January 25th, 2007

Friend In The Middle

Dear Angel,

My best friend of 5 years is engaged to marry her boyfriend of 4 years. She says she loves him dearly and cannot imagine the rest of her life without him. She was my maid of honor at my wedding and she wants me to be in hers too. So I am helping her plan her wedding.
At the same time - she is also with another man anytime she is not with her fiance. They go out on dates, they have sex, they do the sweet sappy love letters and text messages to each other. He even bought her a star for christmas and spent another $300 on her for a spa treatment package. She says that she loves guyB dearly and cannot imagine the rest of her life without him. So I am stuck in the middle of helping her plan her wedding with guyA while she is also in love with guyB. She says she wishes she could just have them both and not have to make a decision.

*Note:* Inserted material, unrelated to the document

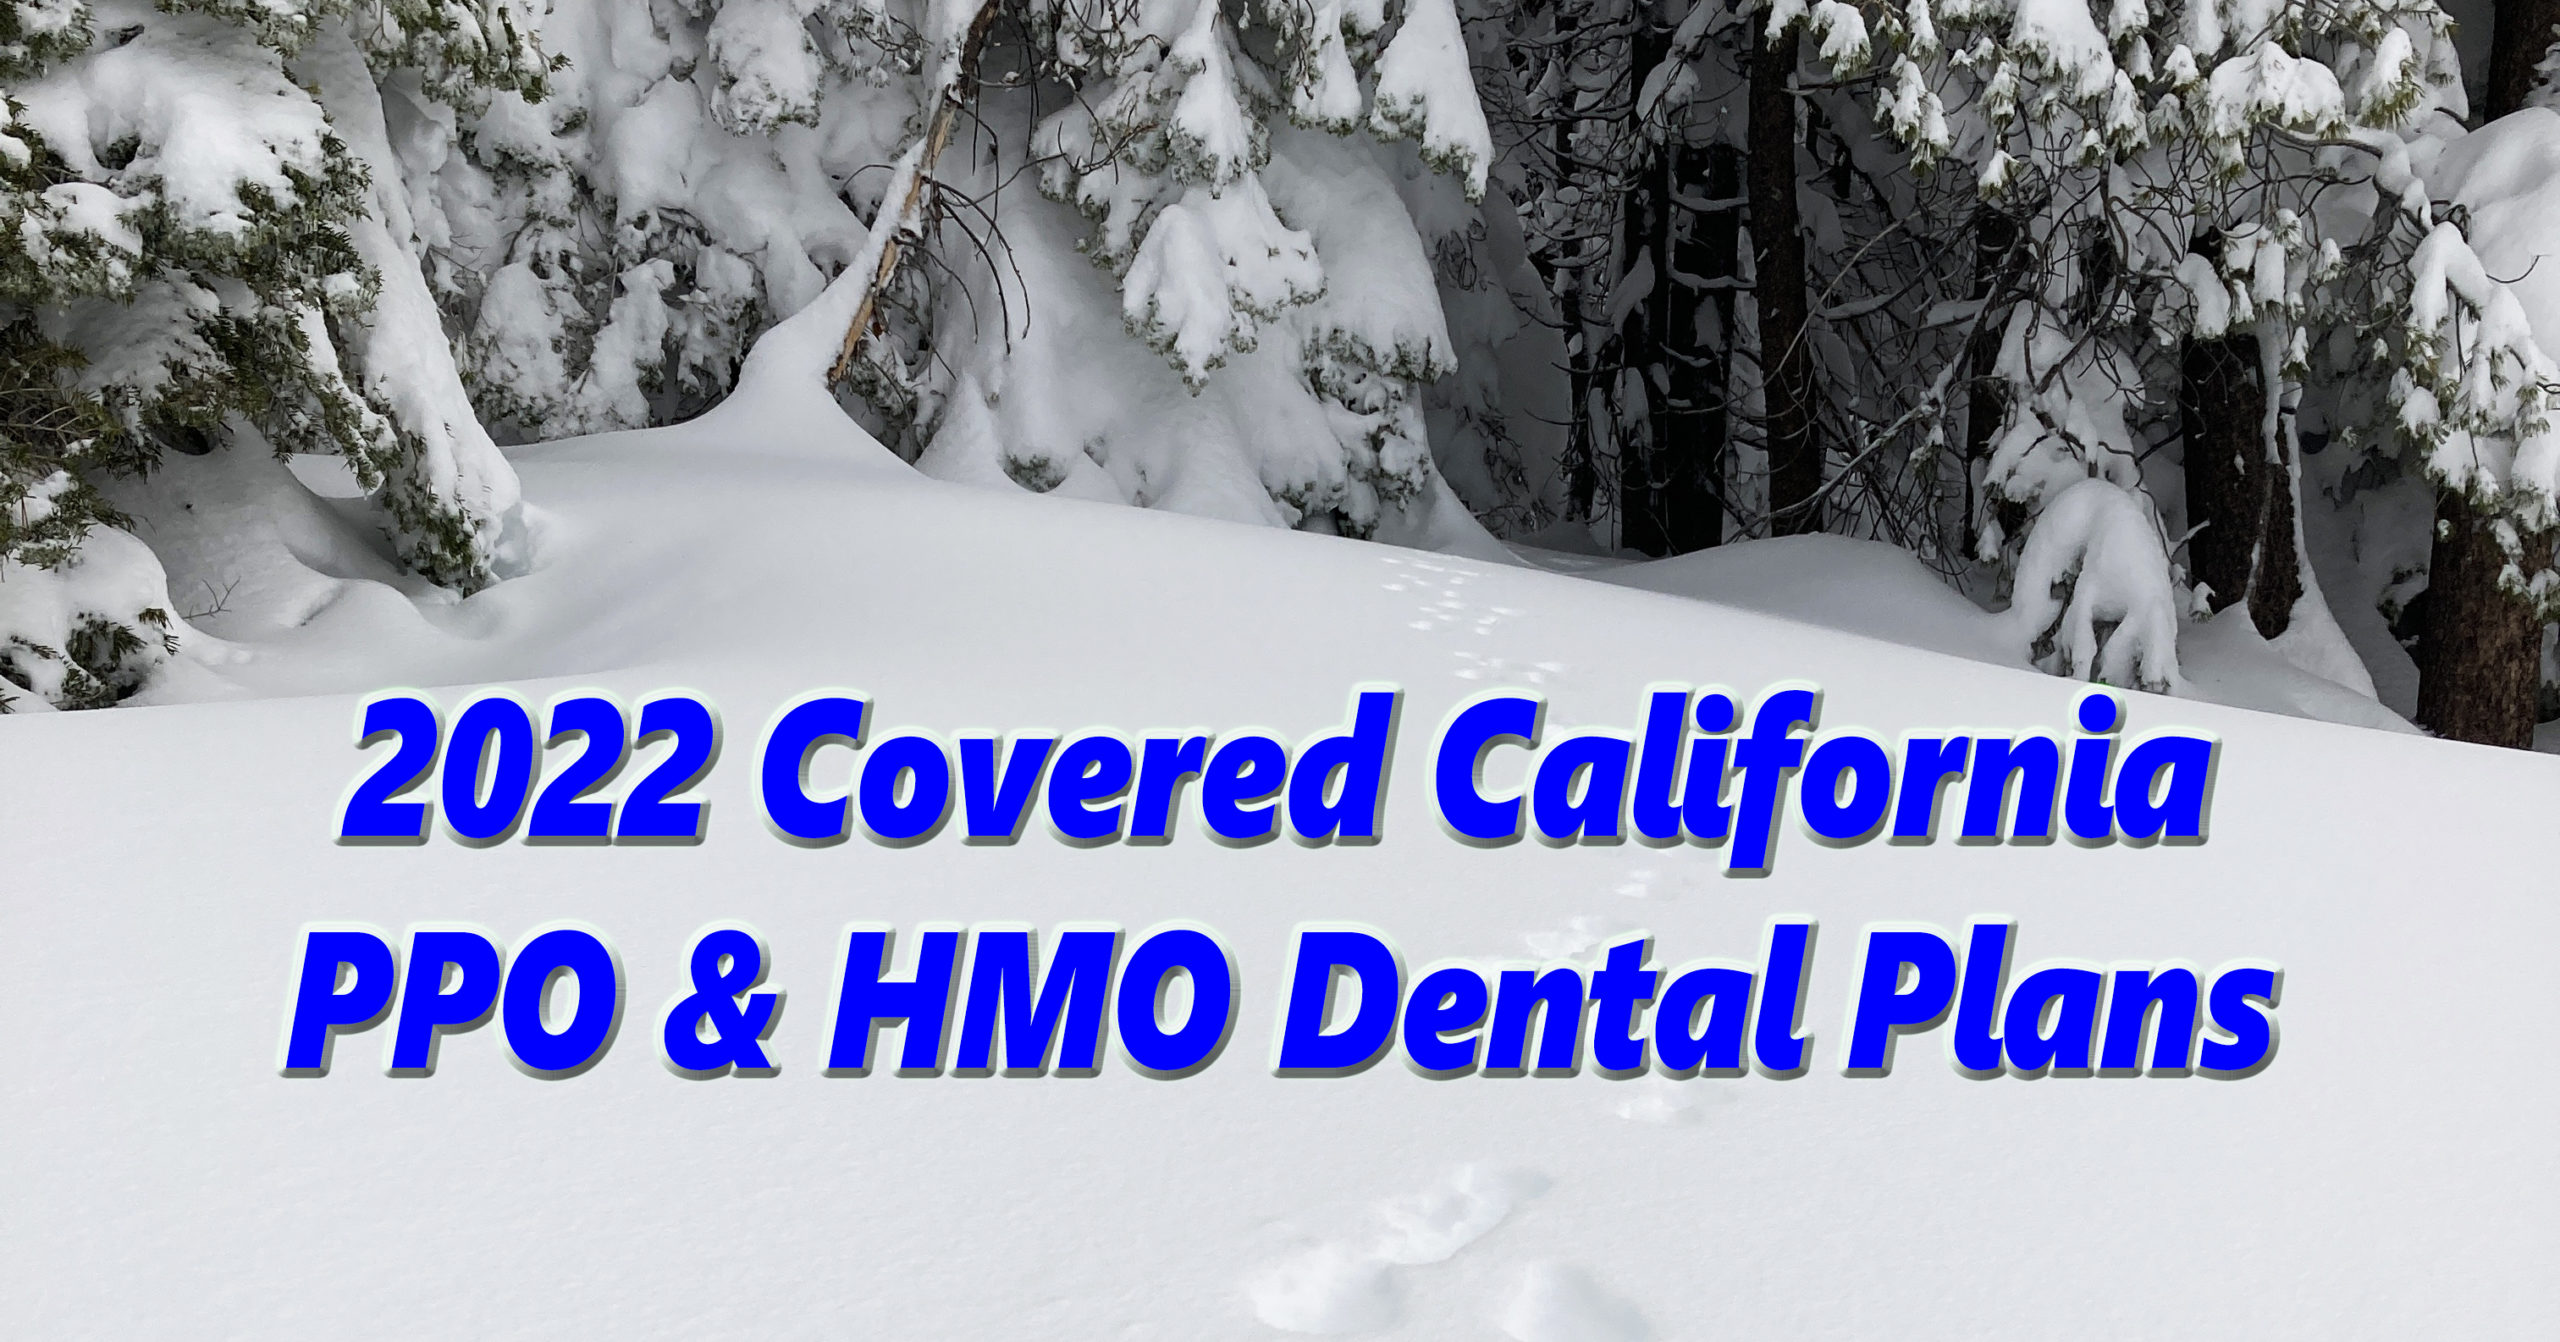 Covered California dental plan summaries for 2022.

She says she knows its wrong but she just can’t stop - “when I’m with guyB I just can’t tell him no”. What is a best friend to do? I can’t tell her anything - she won’t hear it. I tried to tell her that I don’t want to be a part of it anymore - that I can’t sit down with her and help her plan her wedding while she is also telling me about being with this other man. But after telling her that - she doesn’t want to be friends anymore. She says I’m judging her - and abandoning her and that I’m just a fairweather friend. I don’t know what else to do - it breaks my heart to see her do this to herself and to her loved one(s). Should I just chalk this up to a friend lost?

- ExBestFriend

Dear Ex Best Friend,

You are in a tough spot. You did exactly what friends are supposed to do, trying to help when you reconize your friend really needs it. It definately sounds like she really does need it. Don’t write her off yet, though. She is making a couple mistakes with her life right now, and in the end - she will need you.

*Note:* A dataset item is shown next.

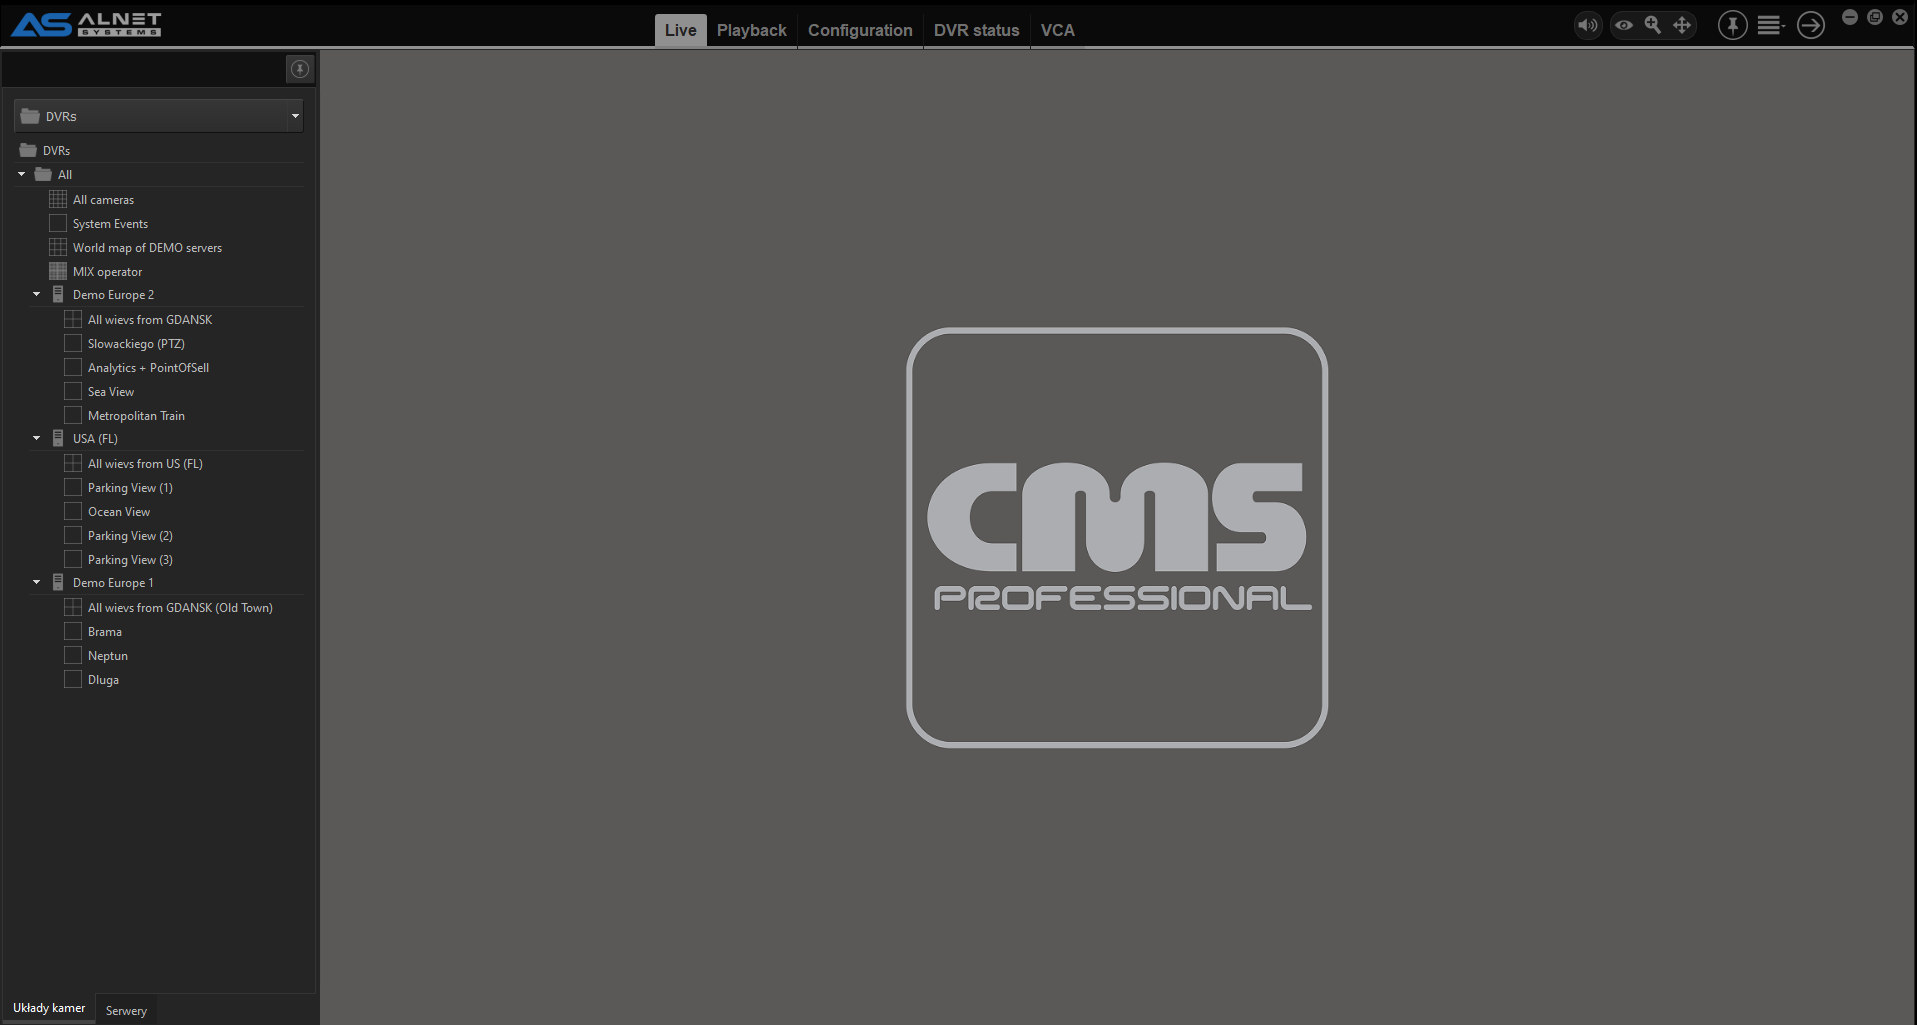 cms cctv software h 264

Watching your friend make these mistakes is going to hurt. I know I have hurt for a friend before, because she wasn’t too smart with her life choices. You can only advise your friend and hope she makes the right choices. If she doesn’t make the right choice, it is going to continue to hurt you. Right now it is up to you to decide weither or not you want to continue the friendship the two of you have had. If you’re tired of all her drama, it might be time to step back. If you’re willing to set aside your feelings to continue being there for her, give it a try. Advise her when she wants your opinion, and be honest. If she doesn’t see why she is wrong, she is going to continue thinking you are against her.

In the end, this is her problem. Not your’s. Don’t let it drag you down. You still need to think of yourself, too. Good luck! I hope that for your friends sake, she can sort out this mess in her life. She really needs to before she does get married.